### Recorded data
┏━━

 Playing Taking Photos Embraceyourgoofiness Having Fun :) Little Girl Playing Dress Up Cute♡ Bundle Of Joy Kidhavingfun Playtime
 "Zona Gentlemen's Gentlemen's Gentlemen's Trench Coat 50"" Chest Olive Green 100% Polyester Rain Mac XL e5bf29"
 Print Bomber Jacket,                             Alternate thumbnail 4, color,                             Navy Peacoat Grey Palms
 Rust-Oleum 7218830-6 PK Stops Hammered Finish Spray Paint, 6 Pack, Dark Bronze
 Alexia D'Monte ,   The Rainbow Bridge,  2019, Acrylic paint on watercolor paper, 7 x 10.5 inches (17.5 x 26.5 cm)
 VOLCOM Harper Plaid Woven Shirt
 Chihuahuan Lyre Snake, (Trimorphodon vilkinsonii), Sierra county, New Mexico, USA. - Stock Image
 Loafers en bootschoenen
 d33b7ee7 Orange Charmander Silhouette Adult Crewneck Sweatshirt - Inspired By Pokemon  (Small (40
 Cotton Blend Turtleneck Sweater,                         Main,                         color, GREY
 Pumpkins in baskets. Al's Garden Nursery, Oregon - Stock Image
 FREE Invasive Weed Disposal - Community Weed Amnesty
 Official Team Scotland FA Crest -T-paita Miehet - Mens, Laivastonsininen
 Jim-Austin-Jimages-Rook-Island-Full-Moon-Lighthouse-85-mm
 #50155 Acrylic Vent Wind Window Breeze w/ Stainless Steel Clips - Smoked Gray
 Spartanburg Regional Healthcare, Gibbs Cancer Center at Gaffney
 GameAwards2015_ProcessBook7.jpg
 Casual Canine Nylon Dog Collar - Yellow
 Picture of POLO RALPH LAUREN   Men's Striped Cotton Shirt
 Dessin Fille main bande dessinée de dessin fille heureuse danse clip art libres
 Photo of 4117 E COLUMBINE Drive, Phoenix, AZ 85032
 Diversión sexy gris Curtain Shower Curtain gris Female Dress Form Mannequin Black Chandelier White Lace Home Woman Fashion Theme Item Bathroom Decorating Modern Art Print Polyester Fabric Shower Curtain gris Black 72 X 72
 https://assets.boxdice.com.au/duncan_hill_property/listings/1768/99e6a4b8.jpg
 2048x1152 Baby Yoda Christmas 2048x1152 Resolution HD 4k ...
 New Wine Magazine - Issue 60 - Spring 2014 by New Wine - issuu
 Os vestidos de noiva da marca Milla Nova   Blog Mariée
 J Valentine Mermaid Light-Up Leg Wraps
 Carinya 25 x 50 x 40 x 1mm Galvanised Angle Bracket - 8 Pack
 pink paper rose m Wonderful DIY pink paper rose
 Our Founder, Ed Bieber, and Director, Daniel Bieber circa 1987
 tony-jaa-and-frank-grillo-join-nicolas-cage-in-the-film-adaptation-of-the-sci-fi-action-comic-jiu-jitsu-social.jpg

┗━━

### REQUIRED WORK
Set down, from the entries above, exactly the lines from the one with "Official Team Scotland" up to and including the one with "Our Founder, Ed", and no other lines.

### PROBLEM SOLUTION
 Official Team Scotland FA Crest -T-paita Miehet - Mens, Laivastonsininen
 Jim-Austin-Jimages-Rook-Island-Full-Moon-Lighthouse-85-mm
 #50155 Acrylic Vent Wind Window Breeze w/ Stainless Steel Clips - Smoked Gray
 Spartanburg Regional Healthcare, Gibbs Cancer Center at Gaffney
 GameAwards2015_ProcessBook7.jpg
 Casual Canine Nylon Dog Collar - Yellow
 Picture of POLO RALPH LAUREN   Men's Striped Cotton Shirt
 Dessin Fille main bande dessinée de dessin fille heureuse danse clip art libres
 Photo of 4117 E COLUMBINE Drive, Phoenix, AZ 85032
 Diversión sexy gris Curtain Shower Curtain gris Female Dress Form Mannequin Black Chandelier White Lace Home Woman Fashion Theme Item Bathroom Decorating Modern Art Print Polyester Fabric Shower Curtain gris Black 72 X 72
 https://assets.boxdice.com.au/duncan_hill_property/listings/1768/99e6a4b8.jpg
 2048x1152 Baby Yoda Christmas 2048x1152 Resolution HD 4k ...
 New Wine Magazine - Issue 60 - Spring 2014 by New Wine - issuu
 Os vestidos de noiva da marca Milla Nova   Blog Mariée
 J Valentine Mermaid Light-Up Leg Wraps
 Carinya 25 x 50 x 40 x 1mm Galvanised Angle Bracket - 8 Pack
 pink paper rose m Wonderful DIY pink paper rose
 Our Founder, Ed Bieber, and Director, Daniel Bieber circa 1987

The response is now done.